2.1 iloc: Select by Position (Integer Index)¶
iloc stands for “index location” and is suitable for selecting rows using the default integer positions (0, 1, 2…). The syntax is df.iloc[row_range].
df.iloc[0:2]: Select the first 2 rows (positions 0 and 1, left-closed right-open interval)df.iloc[1]: Select the 2nd row (position 1)df.iloc[[0, 2]]: Select rows at positions 0 and 2
# Select the first 2 rows (positions 0 and 1)
first_two_rows = df.iloc[0:2]
print("iloc selection for first two rows:")
print(first_two_rows)
Output:
iloc selection for first two rows:
姓名 年龄 城市 销售额
0 小明 20 北京 1000
1 小红 22 上海 1500
2.2 loc: Select by Label (Custom Index)¶
loc stands for “label location” and is suitable for selecting rows using custom row labels (such as names, dates, etc.). If the row labels are default integers (0,1,2…), the effect is the same as iloc.
# Select rows with labels 0 and 2 (default integer labels)
selected_rows = df.loc[[0, 2]]
print("\nloc selection for rows with labels 0 and 2:")
print(selected_rows)
Output:
loc selection for rows with labels 0 and 2:
姓名 年龄 城市 销售额
0 小明 20 北京 1000
2 小刚 21 广州 800
Step 3: Conditional Filtering (Select Rows by Condition)¶
Conditional filtering refers to selecting rows that meet certain conditions (e.g., “age > 21”, “sales > 1000”) based on a column’s values. The core is boolean indexing.
3.1 Single Condition Filtering¶
Directly use df[condition], where the condition is a comparison expression for a column (e.g., df['年龄'] > 21).
# Filter rows where age is over 21
filtered_by_age = df[df['年龄'] > 21]
print("Rows where age > 21:")
print(filtered_by_age)
Output:
Rows where age > 21:
姓名 年龄 城市 销售额
1 小红 22 上海 1500
3 小丽 23 深圳 2000
3.2 Multiple Condition Filtering¶
To meet multiple conditions simultaneously, use & (AND) or | (OR) to connect conditions, and each condition must be wrapped in parentheses.
# Filter: sales > 1000 AND city is Shanghai
filtered_by_sales_and_city = df[(df['销售额'] > 1000) & (df['城市'] == '上海')]

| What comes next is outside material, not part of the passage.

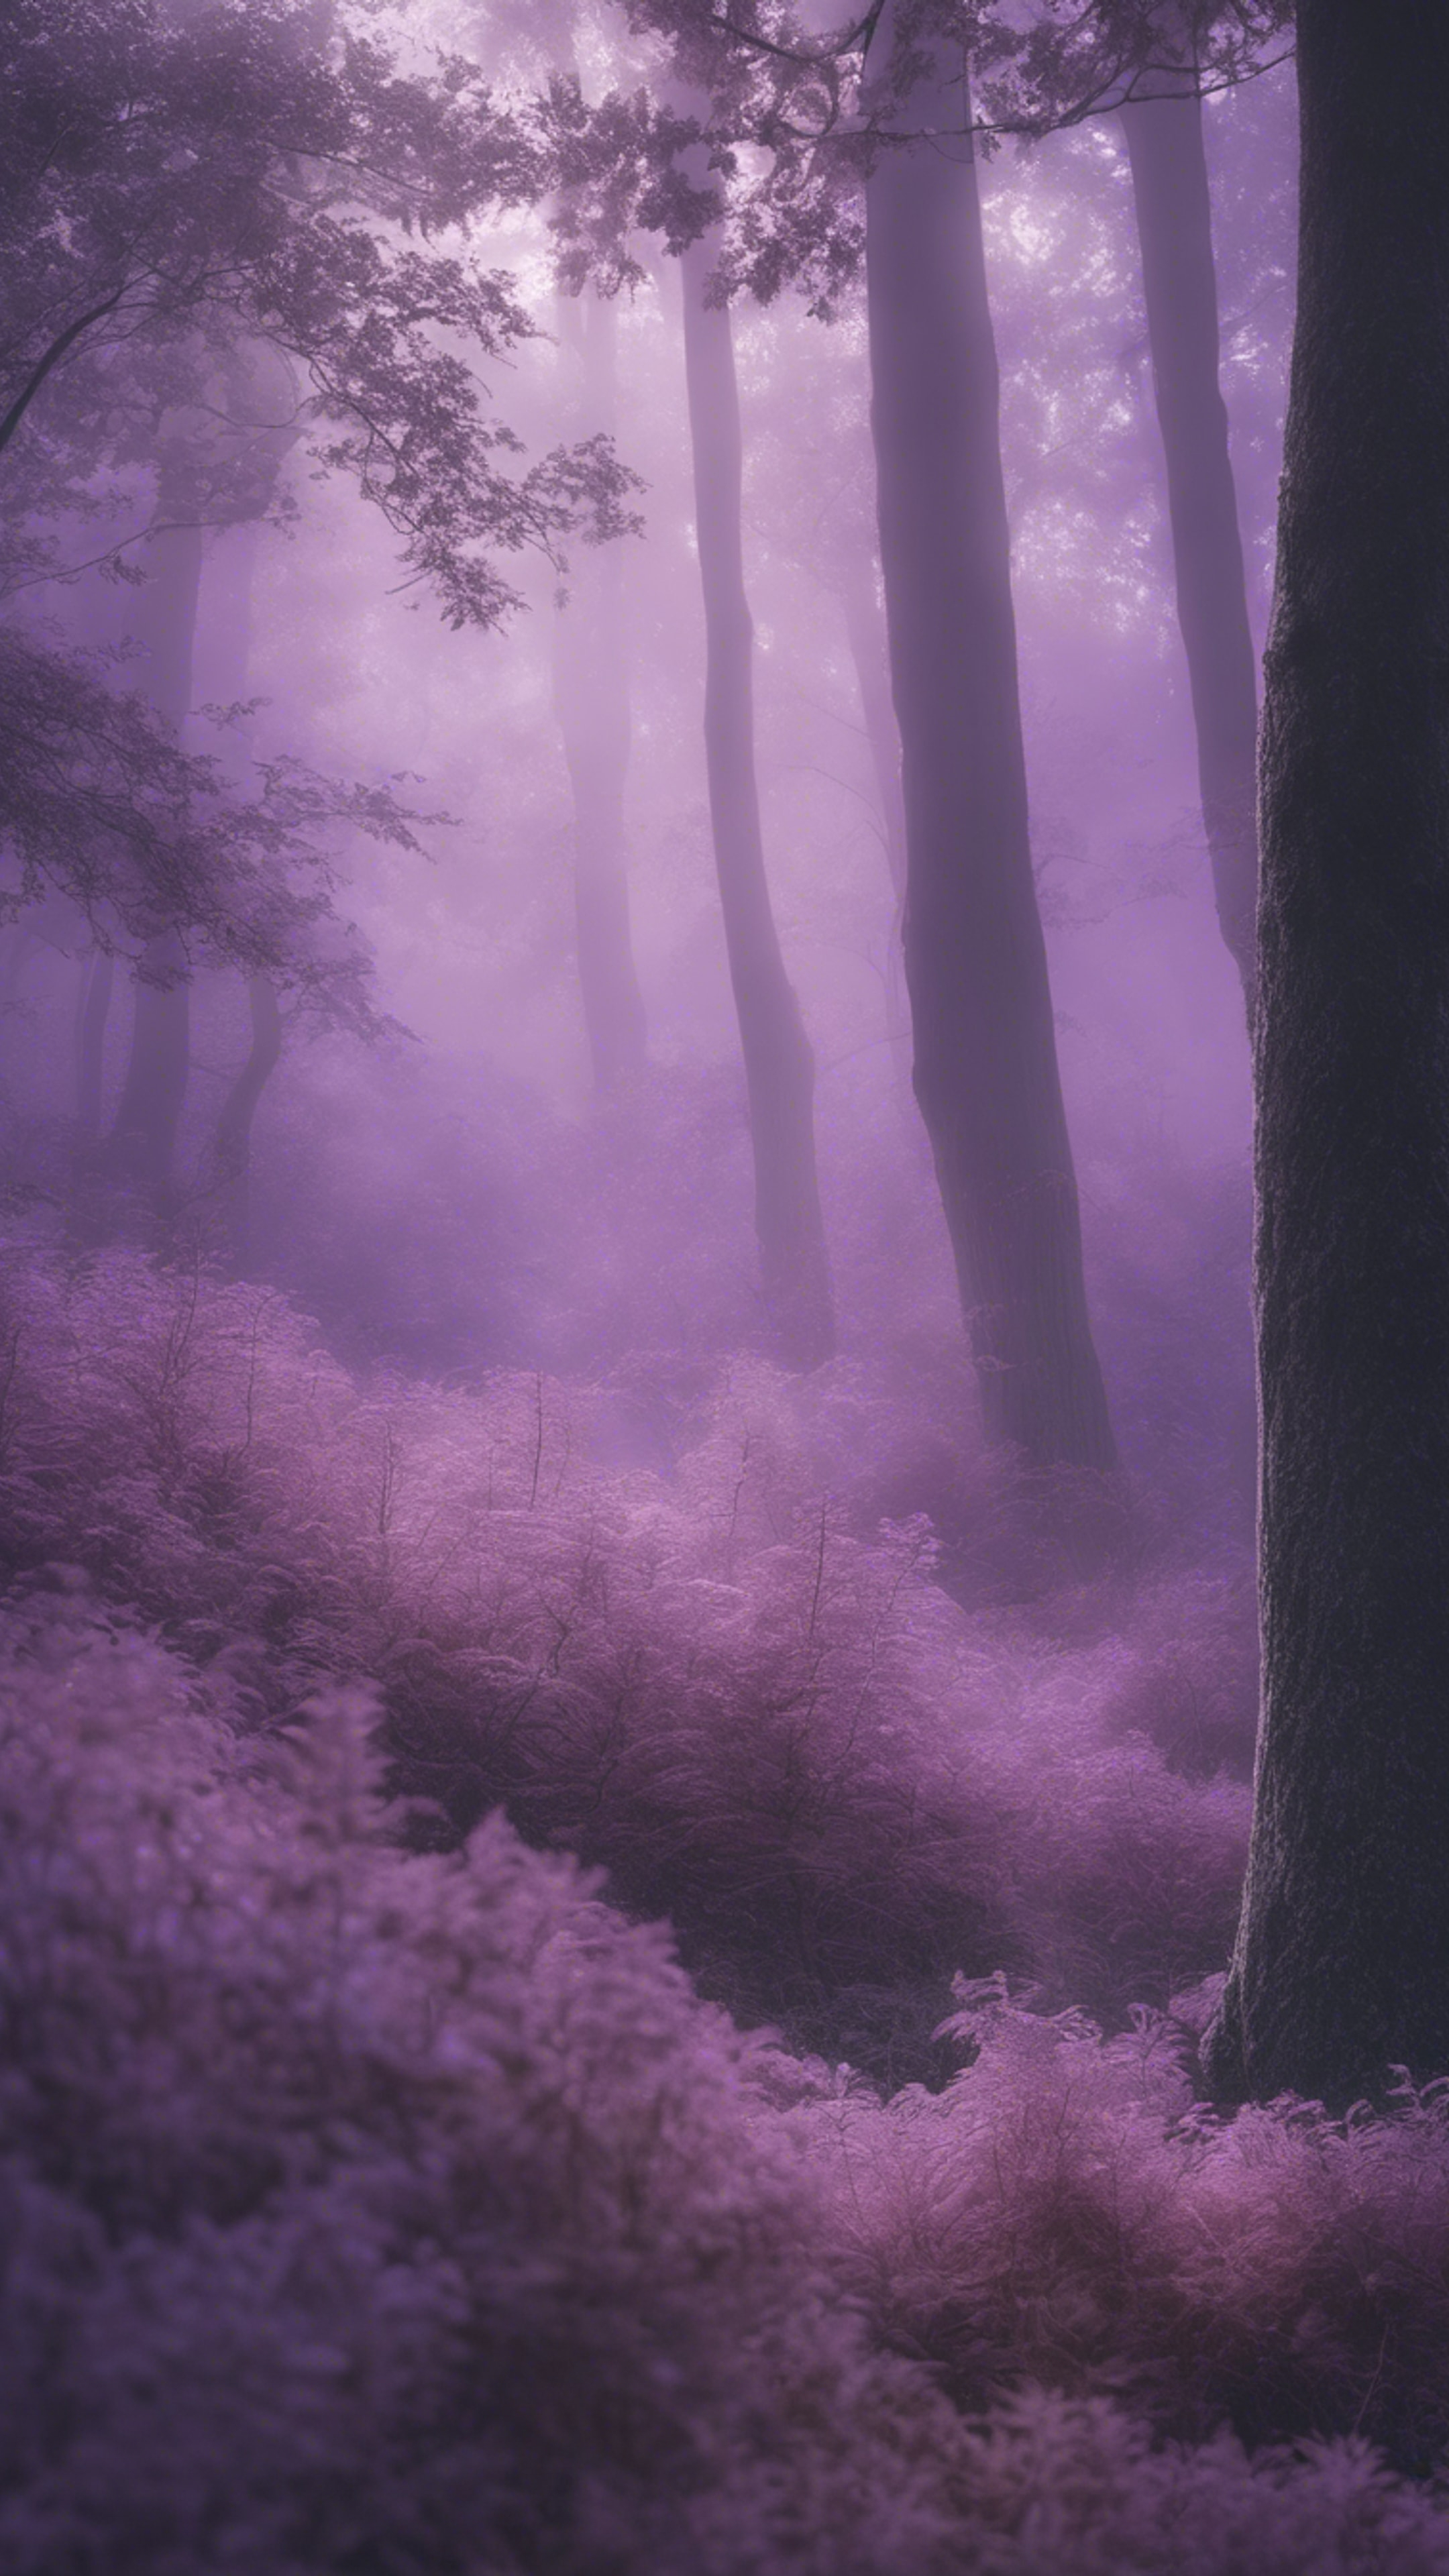 Ethereal scene of a tranquil forest bowed under a silky layer of light purple fog.壁紙[581b7126aa2a4d368dd8]

print("\nRows where sales > 1000 and city is Shanghai:")
print(filtered_by_sales_and_city)
Output:
Rows where sales > 1000 and city is Shanghai:
姓名 年龄 城市 销售额
1 小红 22 上海 1500
Summary¶
Through the above 3 steps, you have mastered the core techniques of DataFrame data selection and filtering:
1. Column Selection: Use df['column_name'] (single column) or df[['column1', 'column2']] (multiple columns)
2. Row Selection: Use iloc[position] (integer position) or loc[label] (custom label)
3. Conditional Filtering: Use df[condition] (single condition) or df[(condition1) & (condition2)] (multiple conditions)
Key Reminder: For multiple condition filtering, use &/| instead of and/or, and wrap each condition in parentheses!
Practice more, and you will soon be proficient in these operations and lay the foundation for subsequent data analysis.